## DIRECTIONS FOR THIS TASK
What you return should be the complete data below, word for word, with no pictures in it.

## THE DATA
####

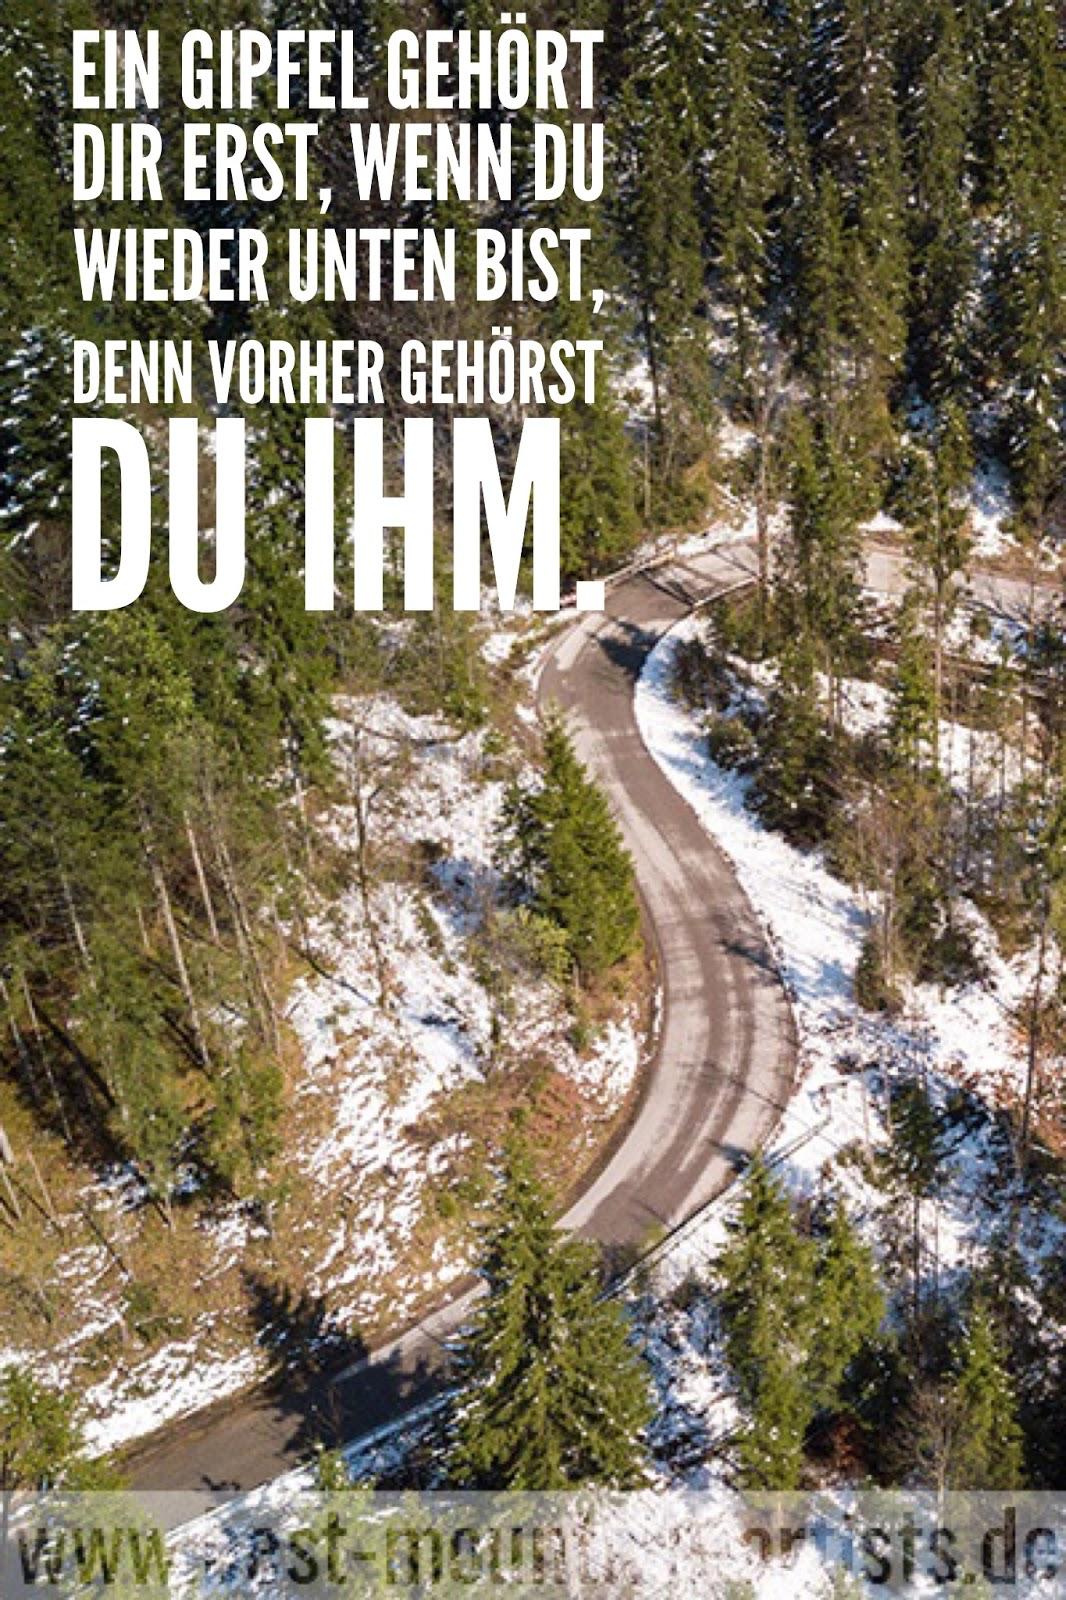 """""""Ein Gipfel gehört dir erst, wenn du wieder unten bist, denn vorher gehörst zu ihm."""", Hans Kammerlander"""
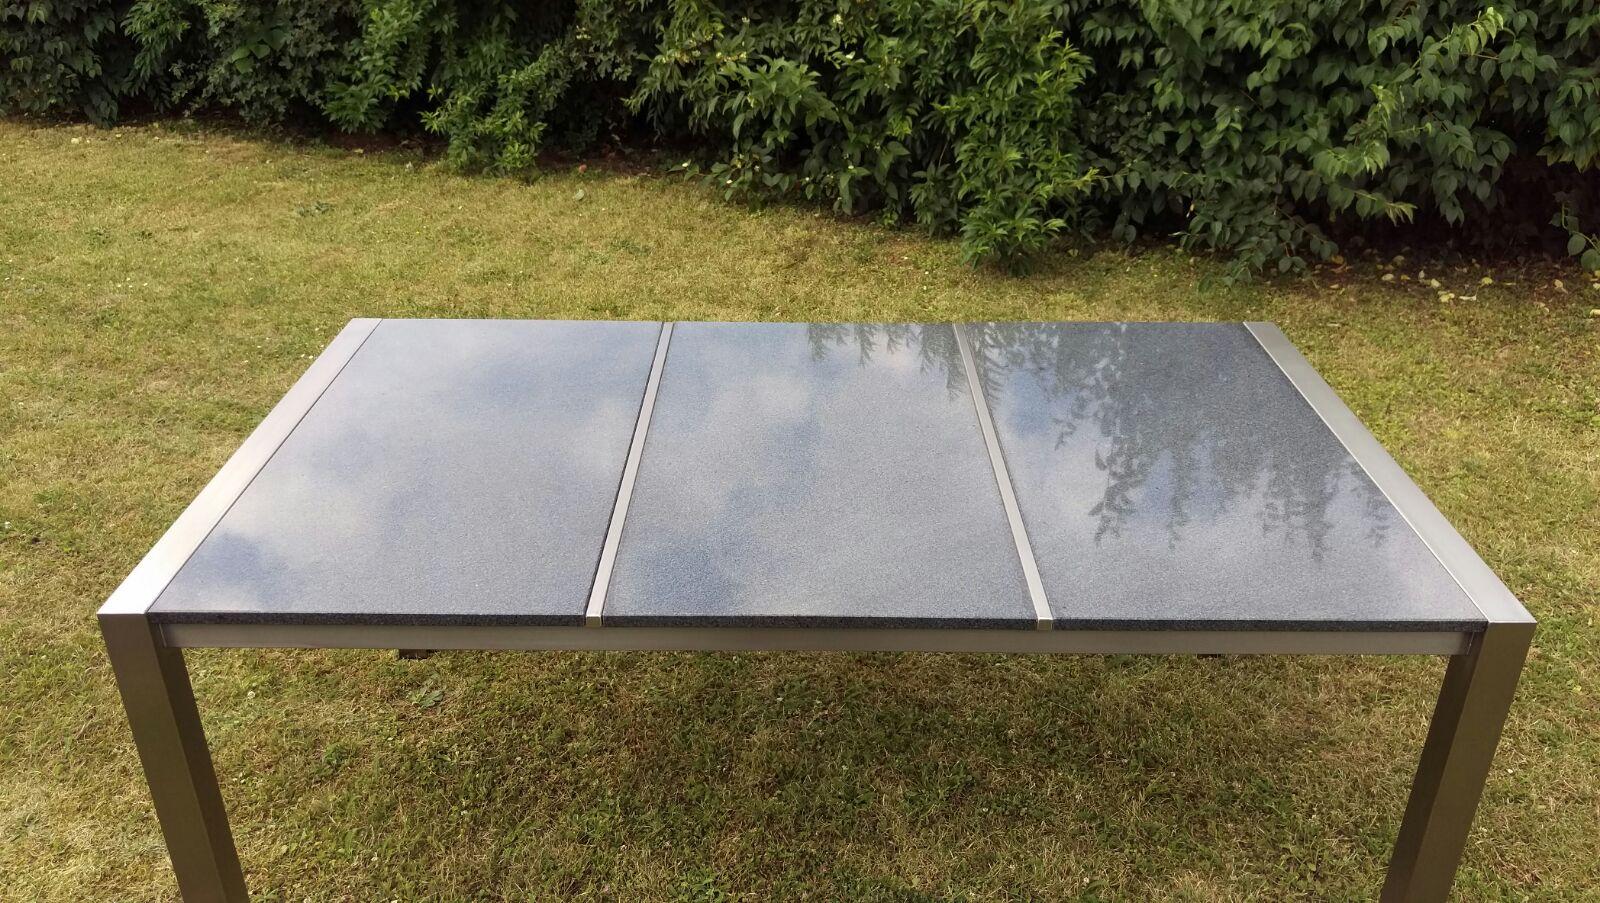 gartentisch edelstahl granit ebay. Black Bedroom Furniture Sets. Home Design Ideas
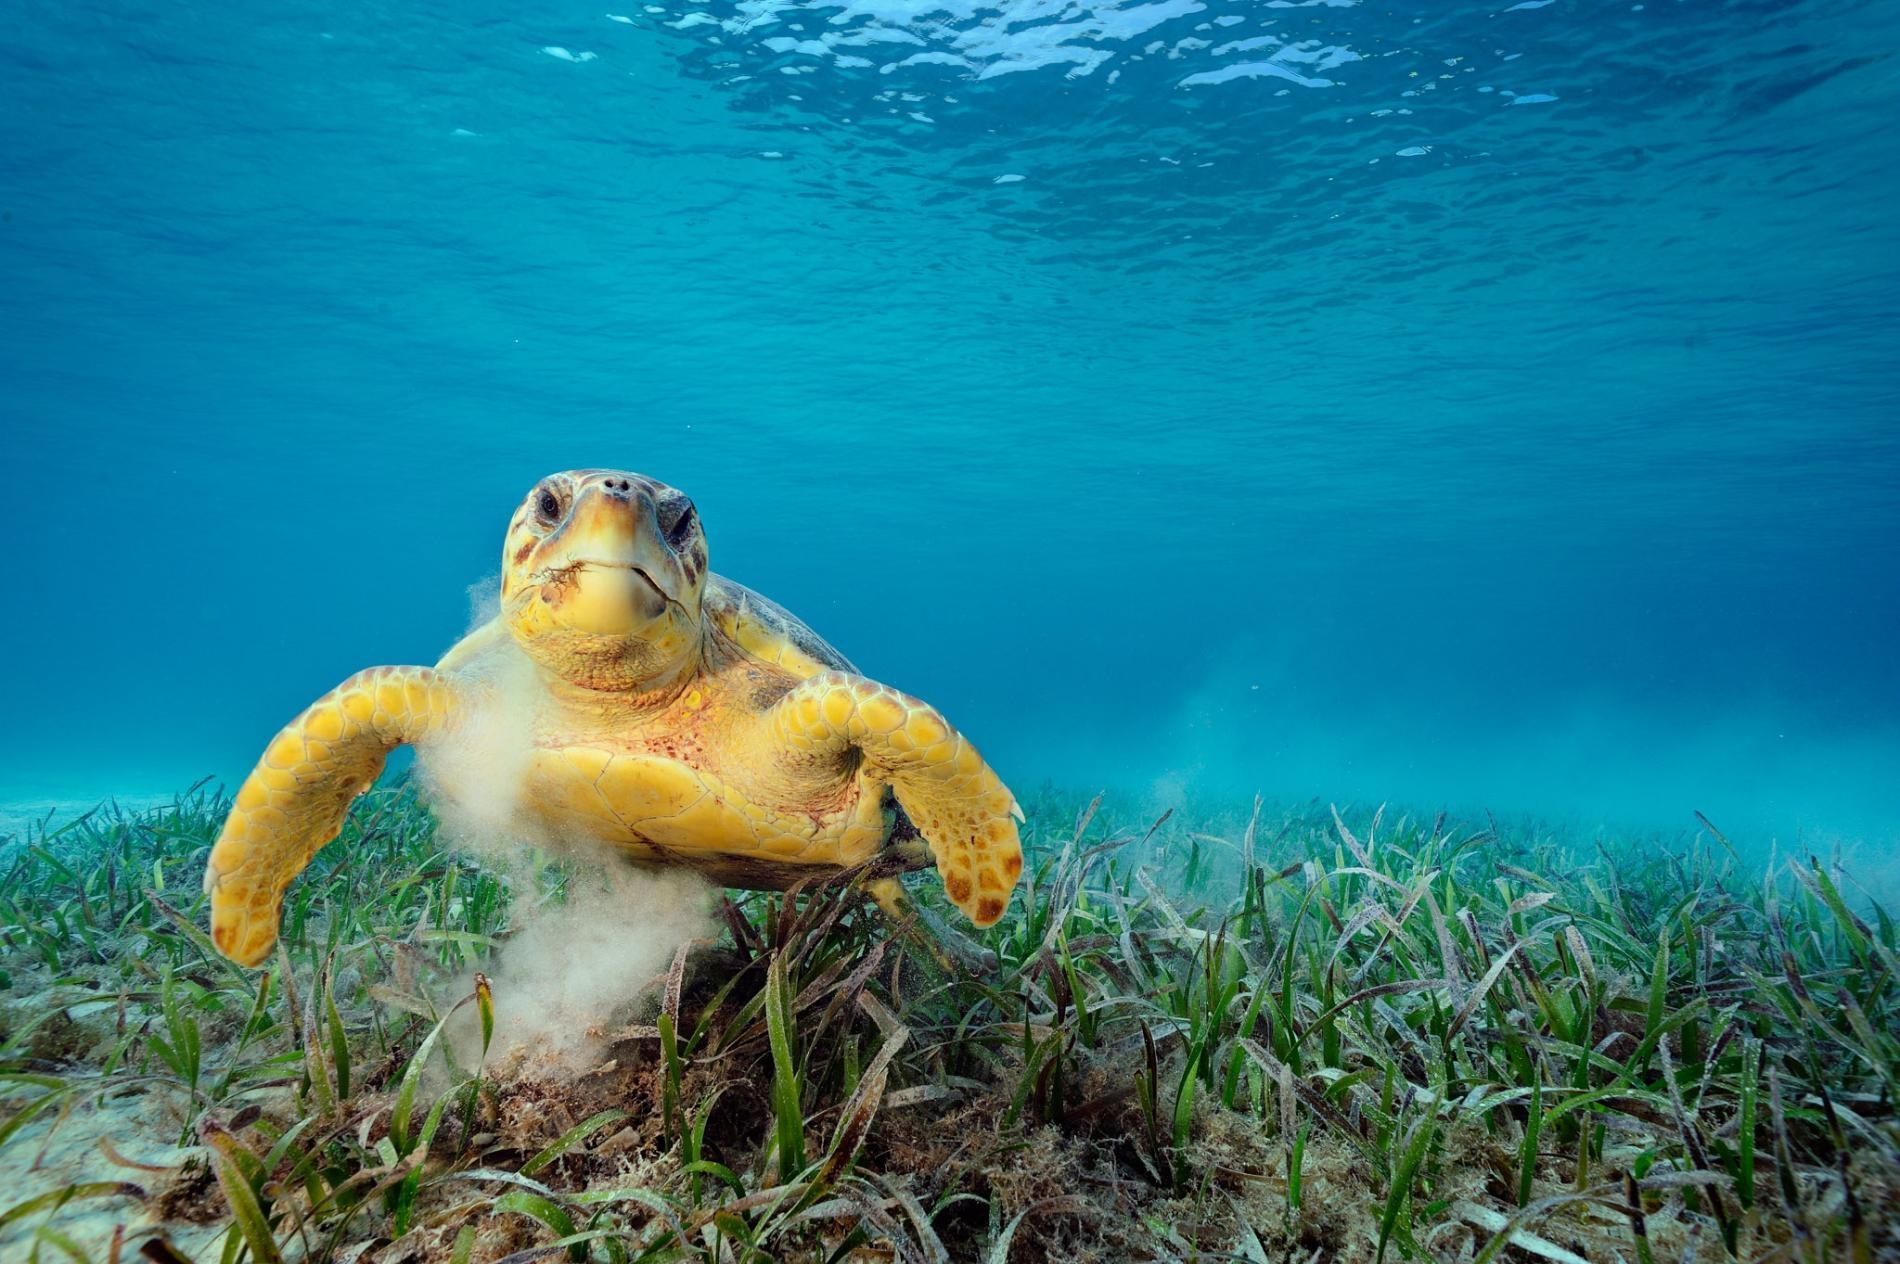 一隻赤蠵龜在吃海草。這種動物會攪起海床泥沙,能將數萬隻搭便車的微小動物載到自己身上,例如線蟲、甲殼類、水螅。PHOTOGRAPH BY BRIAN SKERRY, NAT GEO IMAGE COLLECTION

####

## EXPECTED ANSWER
 """""""Ein Gipfel gehört dir erst, wenn du wieder unten bist, denn vorher gehörst zu ihm."""", Hans Kammerlander"""
 gartentisch edelstahl granit ebay. Black Bedroom Furniture Sets. Home Design Ideas
 一隻赤蠵龜在吃海草。這種動物會攪起海床泥沙,能將數萬隻搭便車的微小動物載到自己身上,例如線蟲、甲殼類、水螅。PHOTOGRAPH BY BRIAN SKERRY, NAT GEO IMAGE COLLECTION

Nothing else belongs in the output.